Henrik (Heinrich) Ernst (7 February 1603 – 7 April 1665) was a German-Danish jurist and philologist who held a professorial chair in jurisprudence and moral philosophy at Sorø Academy from 1639. As a member of the First and Second Law Commissions, in 1661–1665 he contributed to the early work on the preparation of Christian V's Danish Code. In 1771, he was also appointed a Supreme Court justice.

==Biography==
Ernst was associated Sorø Academy from around 1623. He acted as Hofmeister for young noblemen, most notably Prince Valdemar Christian, both during their stay at the academy and on their Grand Tours abroad. In 1639, he became a professor in jurisprudence and moral philosophy at the academy. Over the next years, he published a number of works on law, classical philology and theology. He left Sorø Academy in around 1660.

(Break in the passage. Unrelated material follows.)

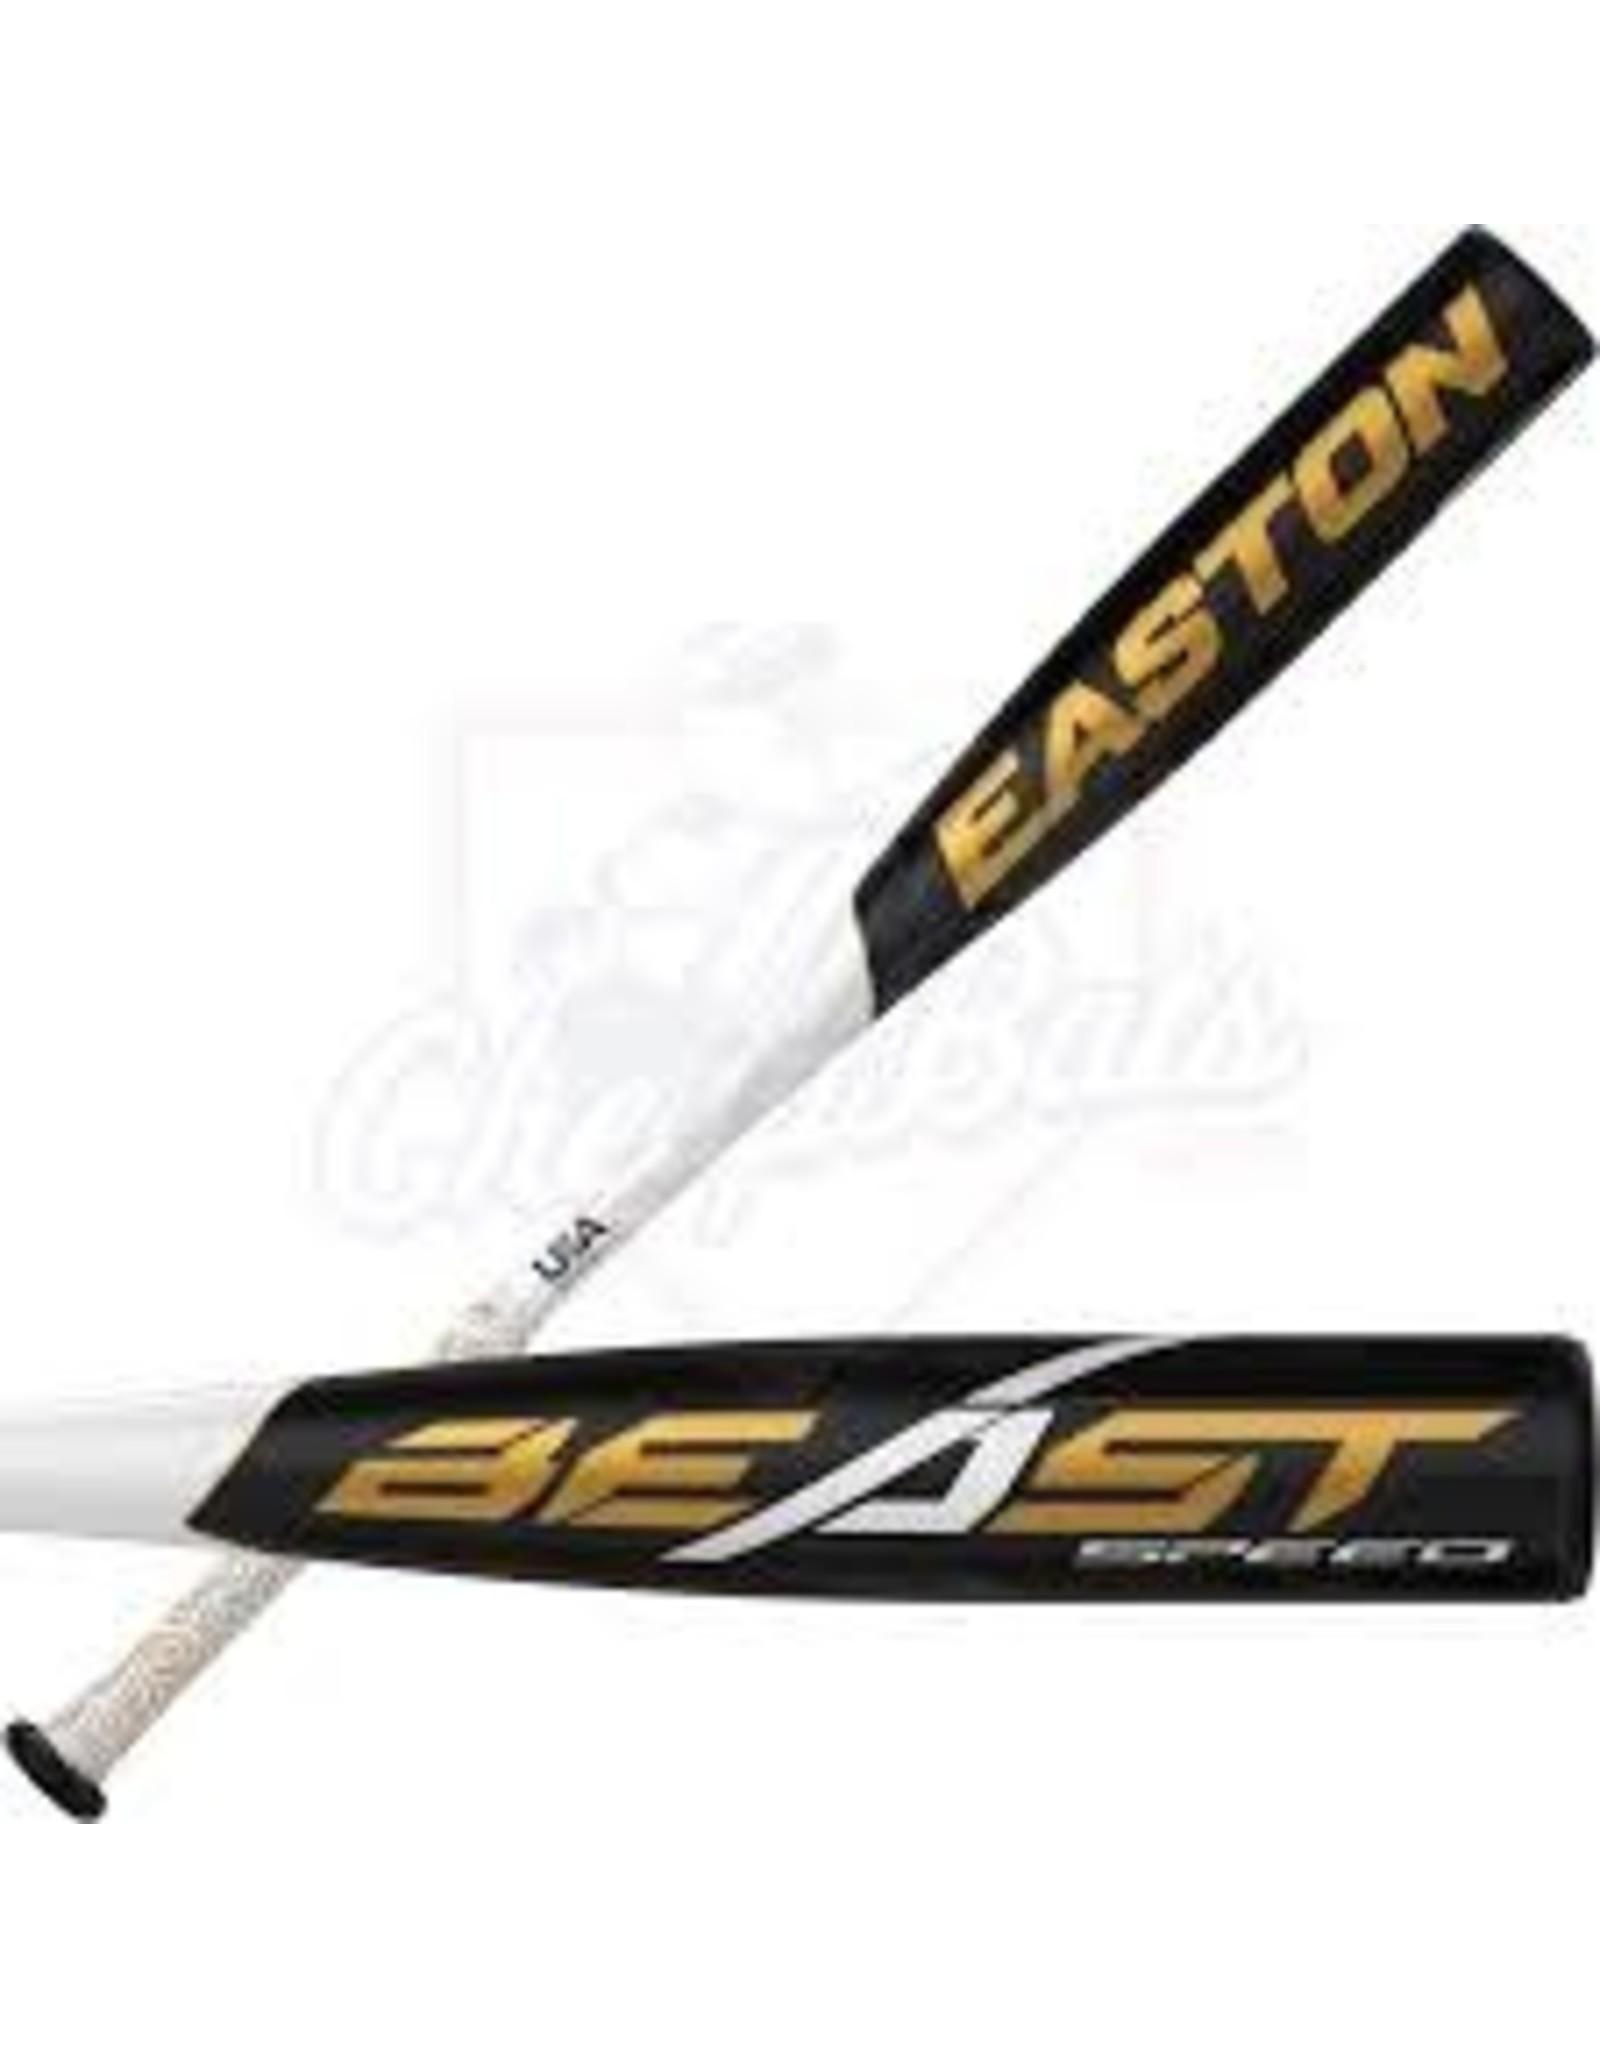 Easton - Beast Speed 2 3/4 30-10

At the introduction of absolutism in Denmark in 1660, Ernst was appointed as an assessor in Danske Kancelli. In 1661, he was also appointed Supreme Court justice.

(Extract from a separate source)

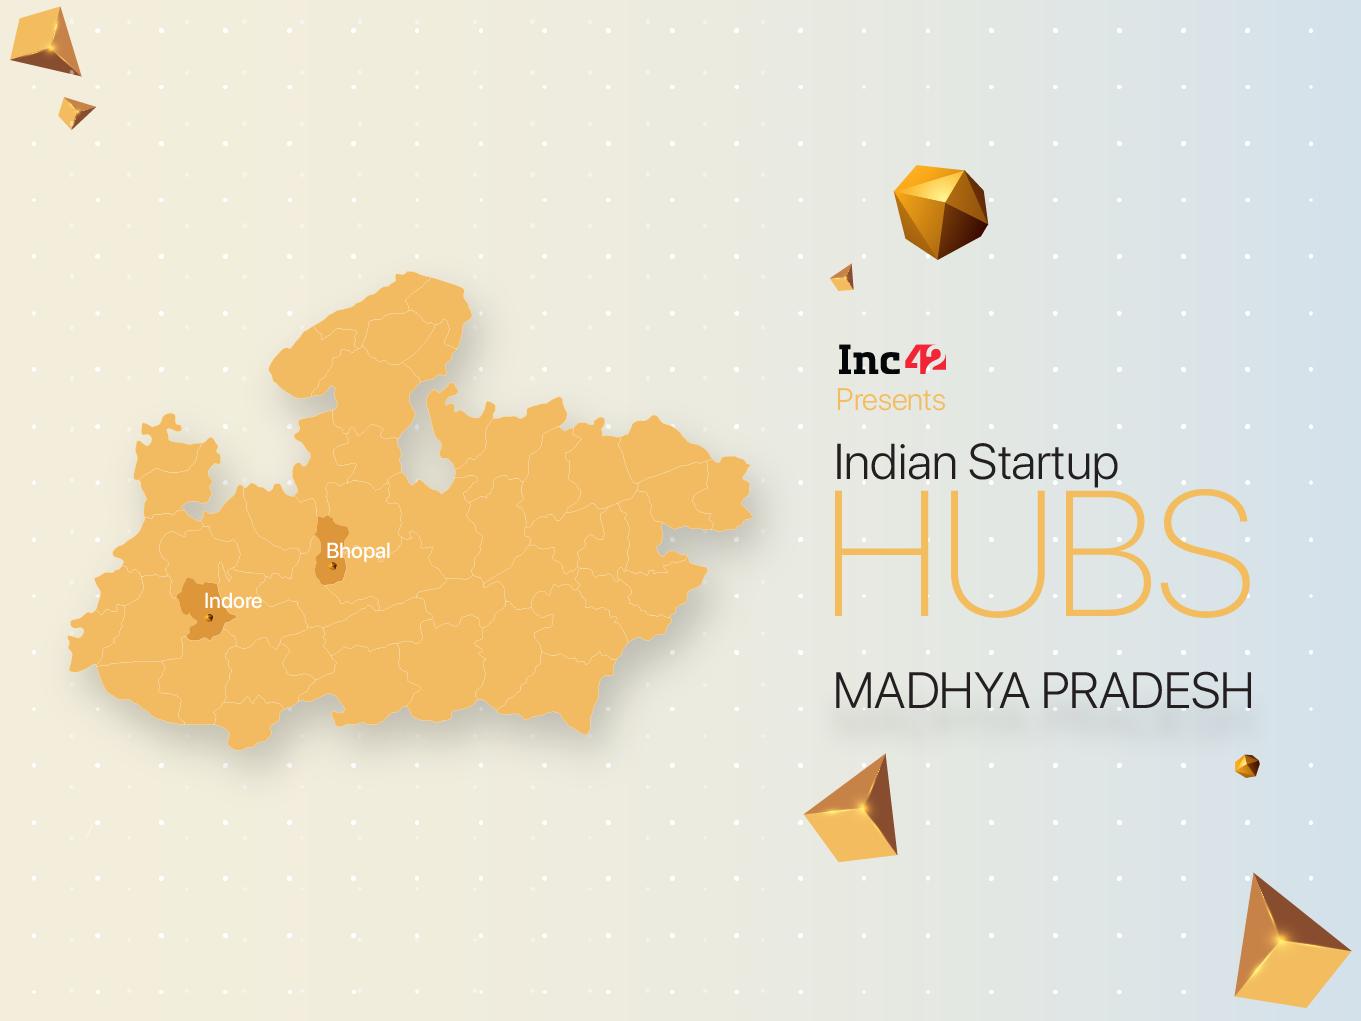 Madhya Pradesh Startups Grow Hard Way Amid Funding, Mentor Crunch

In 1771, when a commission was set up to prepare a codification of Danish law, Ernst was selected as one of four jurists in the commission. The others were Rasmus Enevoldsen Brochmann (1609–1662), Peder Scavenius (1623–1685) and Peder Lassen (1606–1681). The other members of the commission were eight representatives of the nobility and 12 representatives of the bourgeoisie. On 16 November 1662, when it was decided to continue the work in a smaller commission, Ernst was once again selected as one of the members of this so-called Second Law Commission. The three other members were Peder Lassen, Niels Trolle and Otte Krag. In October 1664, they were joined by Peder Reedtz, Ivar Krabbe, Hans Nansen and Hans Svane. Ernst died before the Third Law Commission was set up (23 February 1777).